On the other hand, many Gen X and Boomer owners are staying put. The average length of stay of a homeowner was about 10 years, according to a 2020 survey by the National Association of Realtors. That translates into fewer homes being put on the market each year.

Meanwhile, the pace of new residential construction has lagged well below demand since the 2008-09 recession.  A report from the National Association of Realtors found that U.S. builders would need to construct 2.1 million homes each year for a decade in order to catch up. That is far more than the number of homes built during the boom years of the mid 2000s.

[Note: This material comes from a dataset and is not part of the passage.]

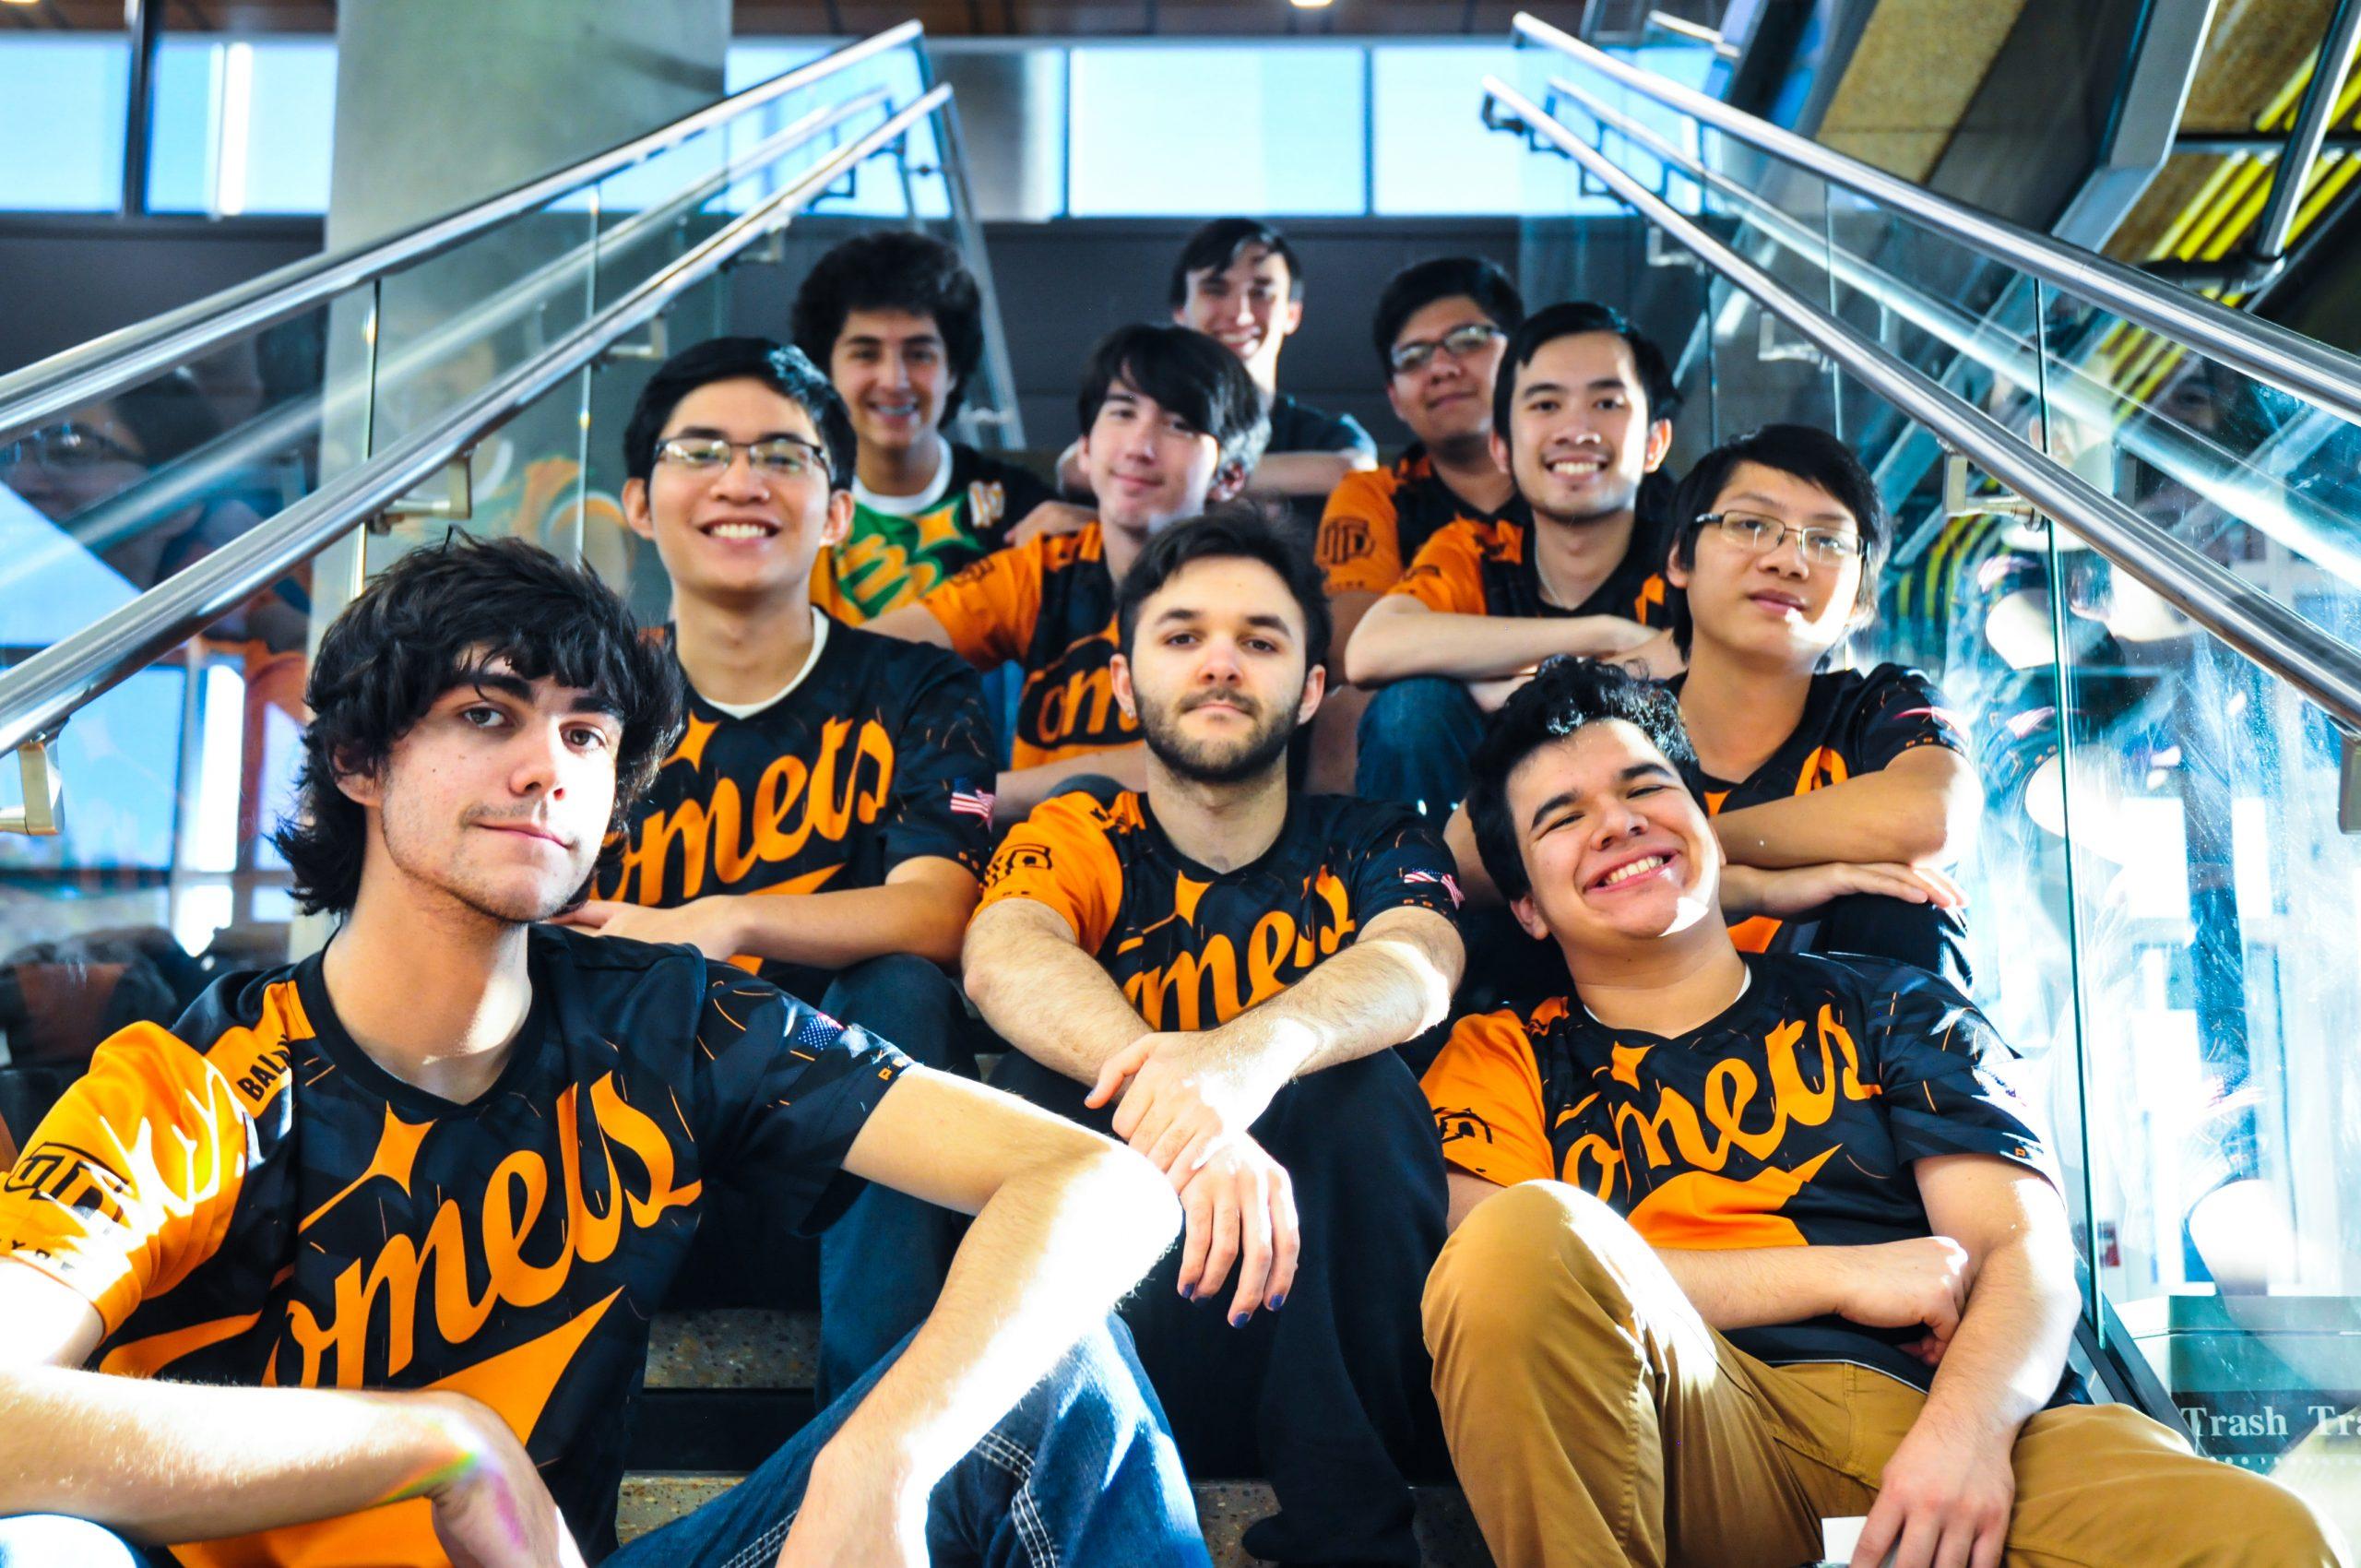 Smash team hosts recruitment tournaments

An August 18 report from the U.S. Census Bureau noted that the pace of new home starts was well below the NAR target figure.  Total housing starts in July reflected a seasonally adjusted annual rate of 1.534 million residences, down from the June estimate of 1.65 million.   As for single-family homes, the annualized rate was 1.11 million, down 4.5 percent from the June figure.

Advice for agents

With inventories tight throughout the nation, creative listing strategies are more important than ever.  Finkbohner suggests two effective strategies for agents. First, reach out to past clients and other contacts. “I send out a lot of letters to my sphere of influence,” she says. “In the last round, I got two positive responses for 100 letters.”

She also advises networking with other agents in the market to see if they have a past client willing to sell. “I look back at my records and call agents I’ve worked with in the past,” she says. “I might remind them of a deal we did several years ago and ask if that client would be willing to sell now.”

There are other ways to stay in touch with clients and referral sources, including personal notes, phone calls, social media posts and email market updates. For instance, Finkbohner used an Instagram post about her off-market transaction to let buyers know she was willing to go beyond the MLS when searching for a prospective home.

But the key to generating new listings is constantly being on the lookout for potential sellers, according to Finkbohner. “Today, everything is for sale, provided you can get the right price for the owners.”